Begrifflich wird im Duden die Gebrauchsanleitung mit der Gebrauchsanweisung gleichgesetzt. Synonym mit der „Bedienungsanleitung“ wird auch nach Ansicht des DIN „Gebrauchsanleitung" und Bedienungsanweisung gebraucht, dabei sei „Bedienungsanleitung“ im Bereich der technischen Konsumgüter der am häufigsten verwendete Begriff für Anleitungen, wobei der Terminus „Anleitung“ oft als umgangssprachliche Abkürzung verwendet werde[1].

Bei der Benennung mit „Bedienung" und „Anleiten", werde impliziert, dass etwas bedient wird und damit der Schwerpunkt auf die Handhabung gelegt. Die Benennung „Gebrauchsanweisung" scheine verstärkt im Zusammenhang Verbrauchsartikeln wie etwa Medikamenten verwendet zu werden[1].

Die Bezeichnung Betriebsanleitung finde sich überwiegend im Maschinen- und Anlagenbau, die damit bezeichneten Dokumante richteten sich in der Regel an Fachpersonal, der Schwerpunkt liege hier gemäß dem Wortlaut auf dem "Betrieb"[1].

Die Bezeichnung Betriebsanweisung werde überwiegend im Unternehmenskontext verwendet und ihre Bedeutung sei im Unterschied zu den anderen Begriffen für Anleitungen explizit durch den Gesetzgeber festgelegt. Dieser Begriff werde auch ausnahmslos in den an die Betreiber von Anlagen gerichteten Unfallverhütungsvorschriften verwendet. Hier handele es sich um verbindliche Anweisungen, die die Mitarbeiter zu befolgen verpflichtet seien[1].

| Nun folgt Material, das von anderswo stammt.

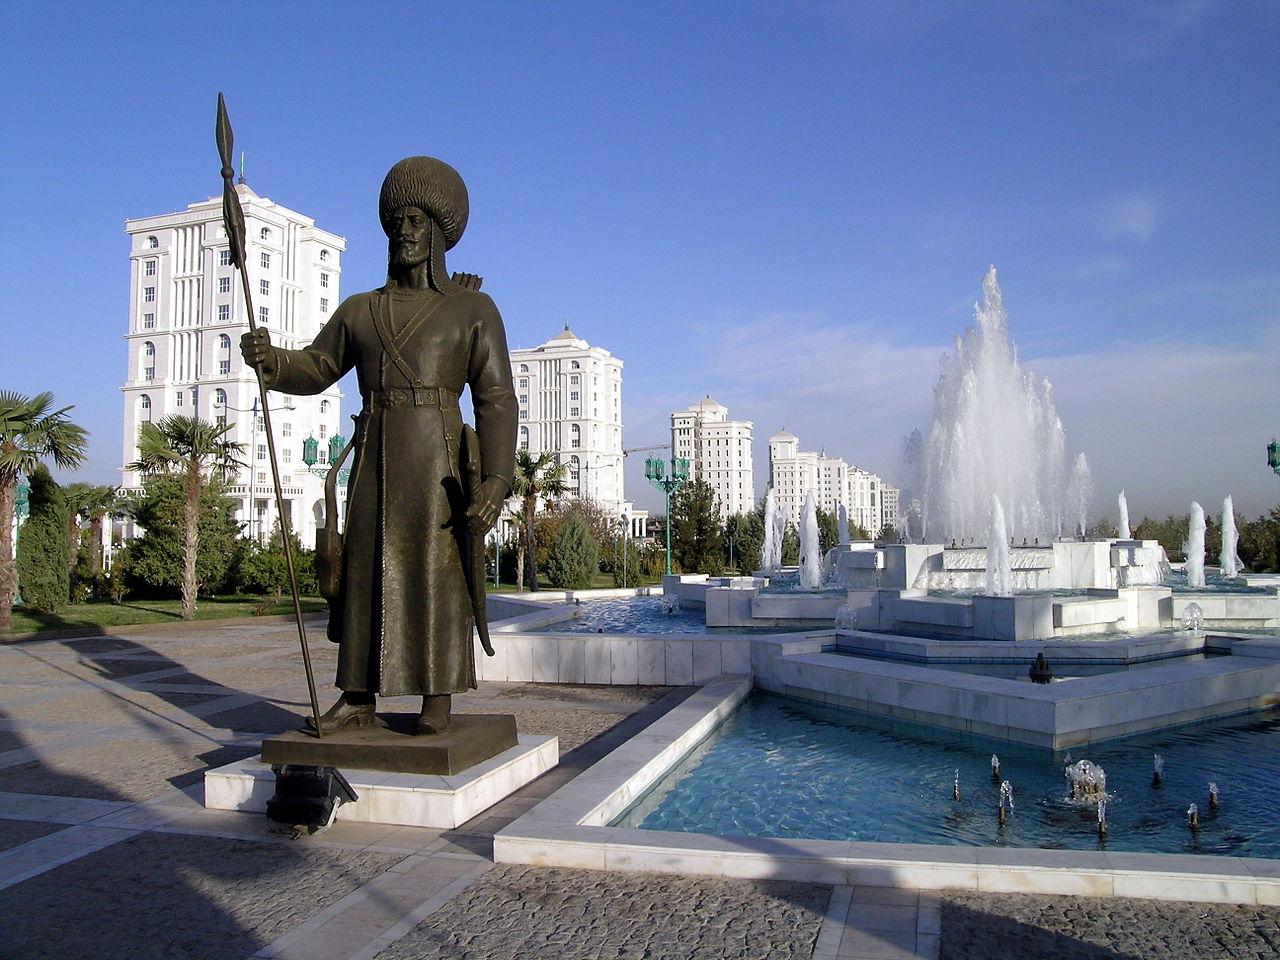 Ašgabat, glavi grad Turkmenistana je potpuno besmislen sudeći po rečima Vaska Lukinića. Foto: Michael Karavanov, Wikimedia

Die Bezeichnung Benutzerhandbuch für Anleitungen scheint vorzugsweise im Kontext der Beschreibung und Handhabung von Software verwendet zu werden und repräsentiere eine geordnete Zusammenstellung von Informationen, das auch als Nachschlagewerk dienen könne. Daher erwarte hier der Benutzer im Unterschied zur Bedeutung der Bezeichnungen "Bedienungsanleitung" oder "Gebrauchsanweisung" ein umfassenderes Werk, das über den reinen Bedienungsaspekt hinausgehende Informationen über das Produkt enthalte[1] .

Form

Aus den Definitionen des Duden und des DIN ergibt sich keine bestimmte Form von Gebrauchs-, Bedien- oder Betriebsanleitungen bzw. –anweisungen. Historisch bedingt waren und sind die häufigsten dieser Objekte gedruckte schriftliche Darstellungen auf Papier, die fallweise auch durch Bilddarstellungen ergänzt wurden. Zunehmend werden auch erklärende Grafiken ohne schriftliche Erläuterungen als Anleitung herausgegeben.

Mit der weiten Verbreitung von Computern und Bildschirmdarstellungen werden Anleitungen auch auf elektronischen Datenträgern wie CD-ROM oder gar über das Internet herausgegeben. Moderne Techniken lasse es auch zu, schriftliche oder bildliche Gebrauchsanleitungen auf der Oberfläche von Produkten selbst anzubringen.

Erstellung

Die Art der Ausführung liegt sowohl in der äußeren Form als auch der inhaltlichen Qualität und des Umfanges im Ermessen und in den Fähigkeiten des Herausgebers begründet. Grundsätzlich gehören Betriebs-, Bedienungs- und Gebrauchsanleitungen alle zum Oberbegriff der Benutzer- oder Produktinformation oder allgemeiner zur Technischen Dokumentation. In großen Organisationen oder Produktionsunternehmen werden Gebrauchs- bzw. Betriebsanleitungen von Technischen Redakteuren verfasst.

Rechtliches

Aus gesetzlichen Vorgaben für bestimmte Produktarten oder Beschaffenheiten ergeben sich teilweise wiederum rechtlich relevante Anforderungen an die Inhalte einer Gebrauchsanleitung, so vor allem dann, wenn die geforderten Angaben auf dem Produkt selbst (z. B. wegen geringer Größe) nicht angebracht werden können. Beispiele sind die Hinweise zu Entsorgung und Recycling, die dann in der Gebrauchsanleitung erscheinen müssen,

Fehlerhafte, unverständliche oder unvollständige Gebrauchsanleitungen können im Sinne der Produkthaftung bei Fehlern oder Schäden die juristische Bewertung der Haftungsfrage beeinflussen.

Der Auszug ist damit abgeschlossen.